Tortora's comments arrive on the heels of several online reports, including one from AppleInsider, which shed strong doubt on Apple's ability to wrap up a robust Leopard release within the next three weeks, given a recent developer release of the system update still laden with issues. The analyst did not cite his sources on a late-March release.

"Consistent with historical patterns, we expect the late March release of Leopard to provide a boost to software revenues for at least the next couple of quarters," he continued. "The last Mac OS (Tiger) was released in April 2005, about 18 months after the previous version release, and resulted in an increase in June quarter software revenue by ~45 percent quarter-over-quarter and ~65 percent year-over-year."

For Leopard, Tortora is modeling for a slightly higher sales boost of 57 percent quarterly and 75 percent yearly, primarily a result of the longer product cycle and larger Mac install based since the Tiger release.

In his note to clients, the Prudential analyst also cited swelling gross margin and impending consumer electronics product launches as near-term positives that should help drive profits and spur growth.

"We view the company’s long-term gross margin model of 28 percent -30 percent as conservative and see margin upside over the next several quarters due to component cost declines and a richer product mix from sales of Leopard, Mac Pro and MacBook Pro, and iPhone," he wrote. "We expect new product ramps including iPhone and a flash-based widescreen video iPod with new functionality (wi-fi, GPS) to drive growth in [the second half of 2007]."

Tortora said Apple's next generation video iPod will be launched later this year and include "flash instead of a hard drive, a wider touch screen similar to that of iPhone, wi-fi to enable the transfer of digital content from Apple TV, and GPS functionality." The new features, he said, will compel the company to introduce the player at at higher price points than its current video iPod ($249 for 30GB and $349 for 80GB), which he believes will help boost to revenue growth.

"Moreover, we see higher unit demand due to the substantial advantages flash memory brings including a thinner and lighter form-factor, longer battery life, and better durability," he continued. "We point to how the introduction of the flash-based iPod nano (replaced HDD based iPod Mini) boosted overall Apple iPod sales in late 2005 as the case study. Moreover, we believe the addition of GPS functionality could position the iPod as the central hub for all digital content (music, movies, GPS) in automobiles, creating yet another market opportunity for Apple."
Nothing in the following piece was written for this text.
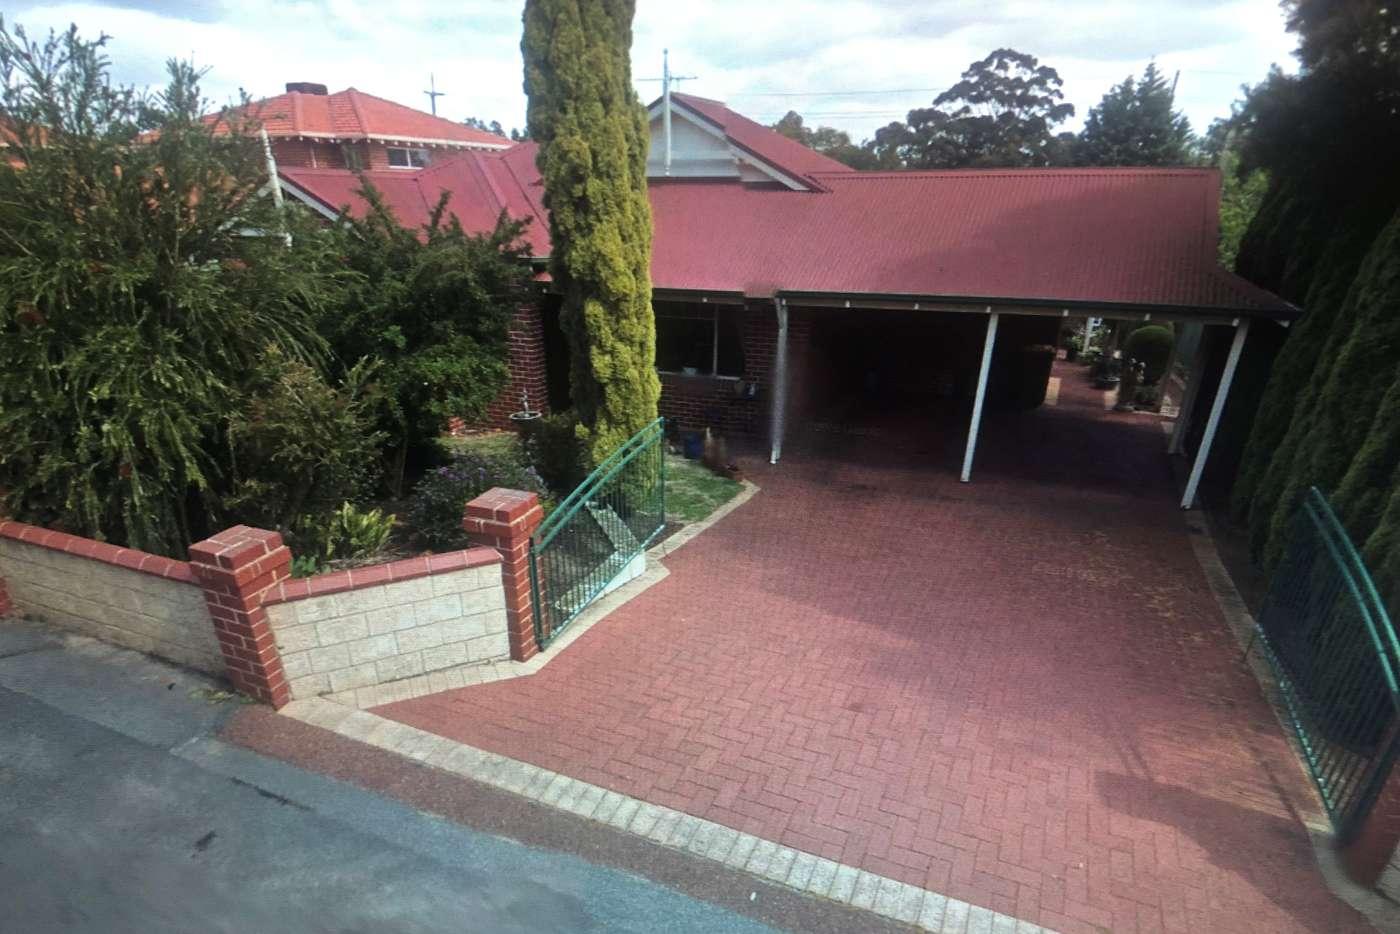 Main view of Homely house listing, 11 Poets Lane, Kalamunda WA 6076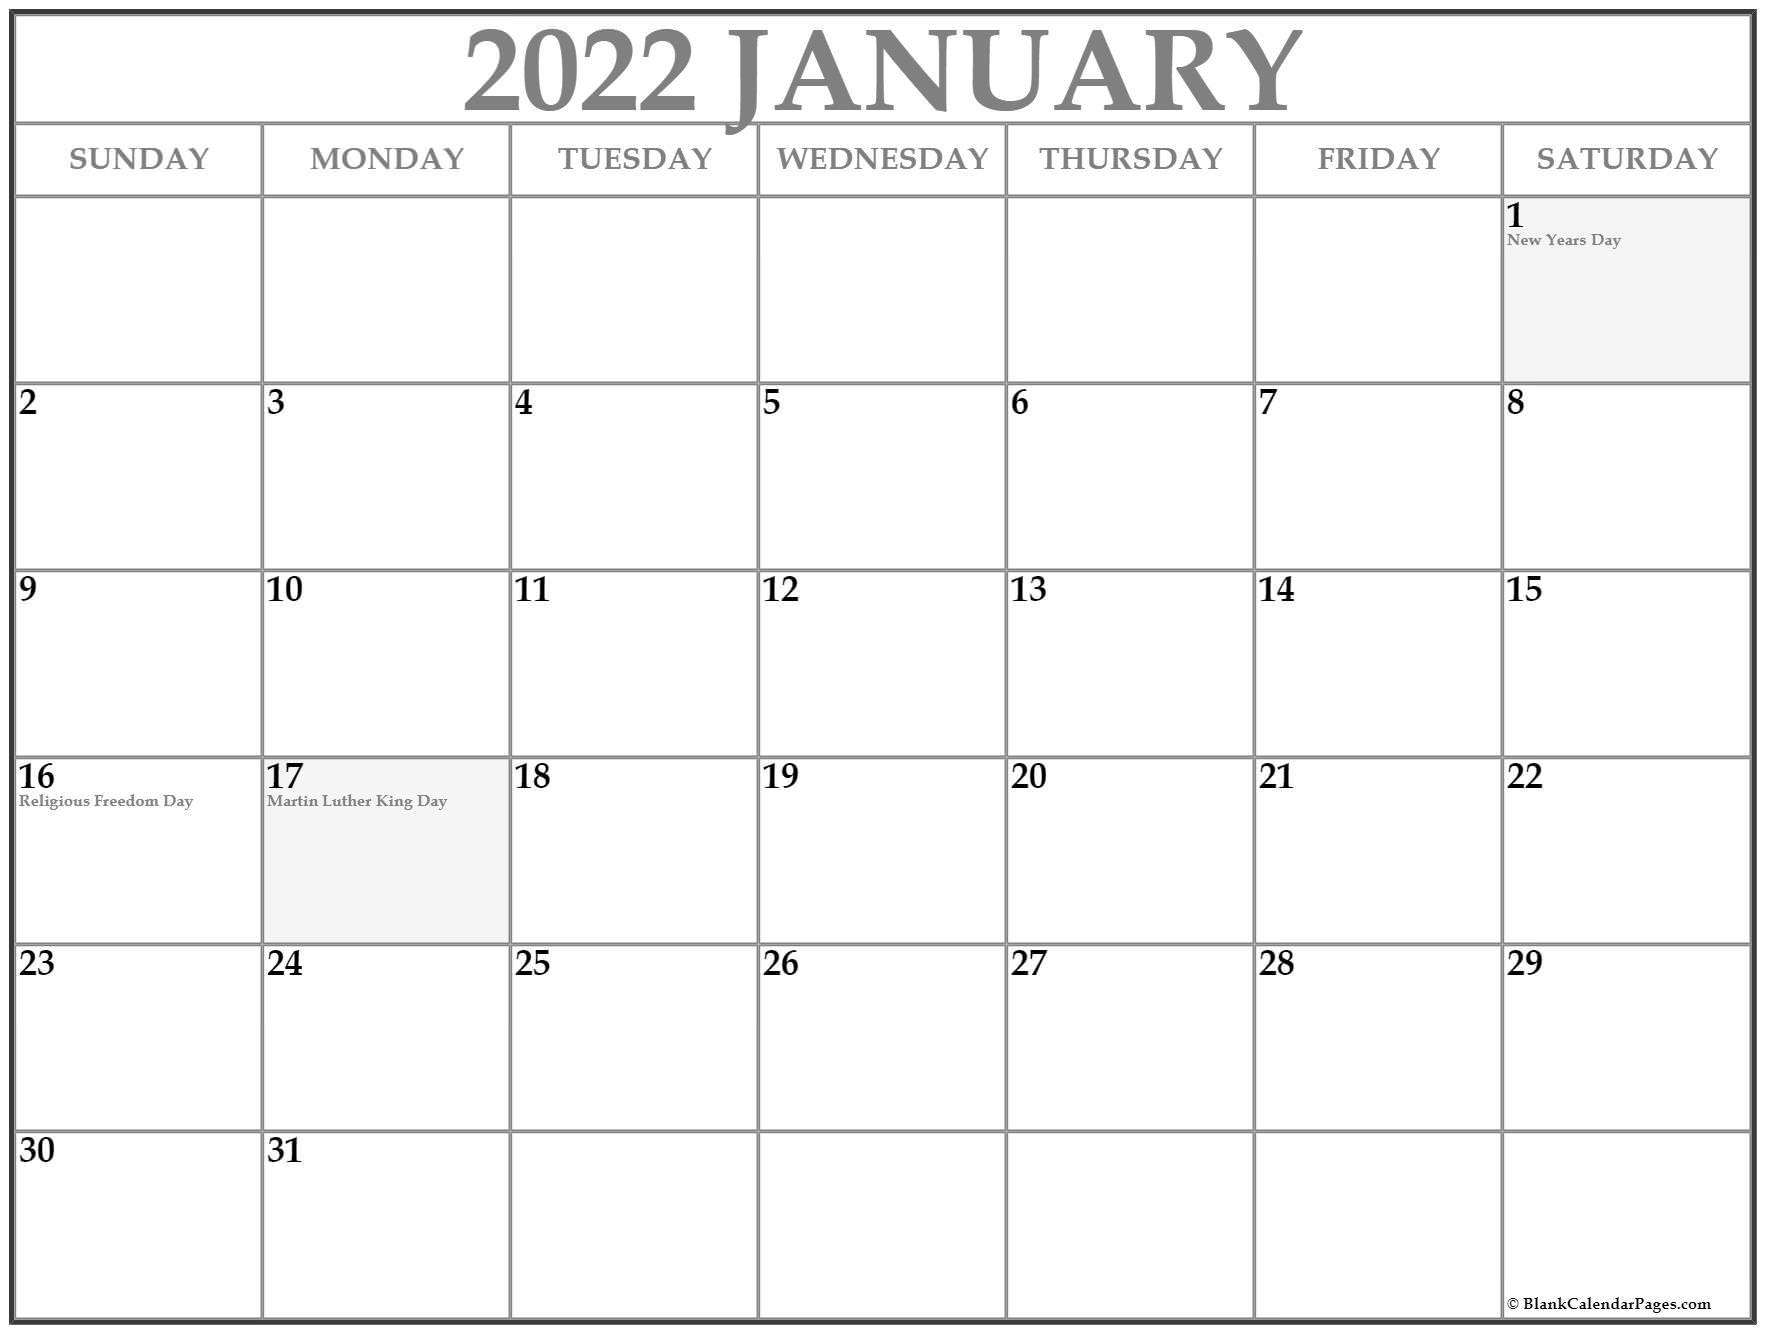 January 2022 With Holidays Calendar Inside Januarycalendar 2022 With Holidays

Tortora upgraded shares of the Cupertino, Calif.-based Apple to Overweight from Neutral weight, with a new price target of $105 per share.
post #2 of 23
It would be nice if Leopard came out with CS3 especially as Adobe has confirmed the March 27 launch date (read about it here), but after reading all the comments by those folks who actually have the developer builds, I have a hard time thinking it will come much before WWDC.

But I the more I think about it, I can't see Apple diluting their biggest news item with a joint release. It just doesn't make sense from the company's point of view.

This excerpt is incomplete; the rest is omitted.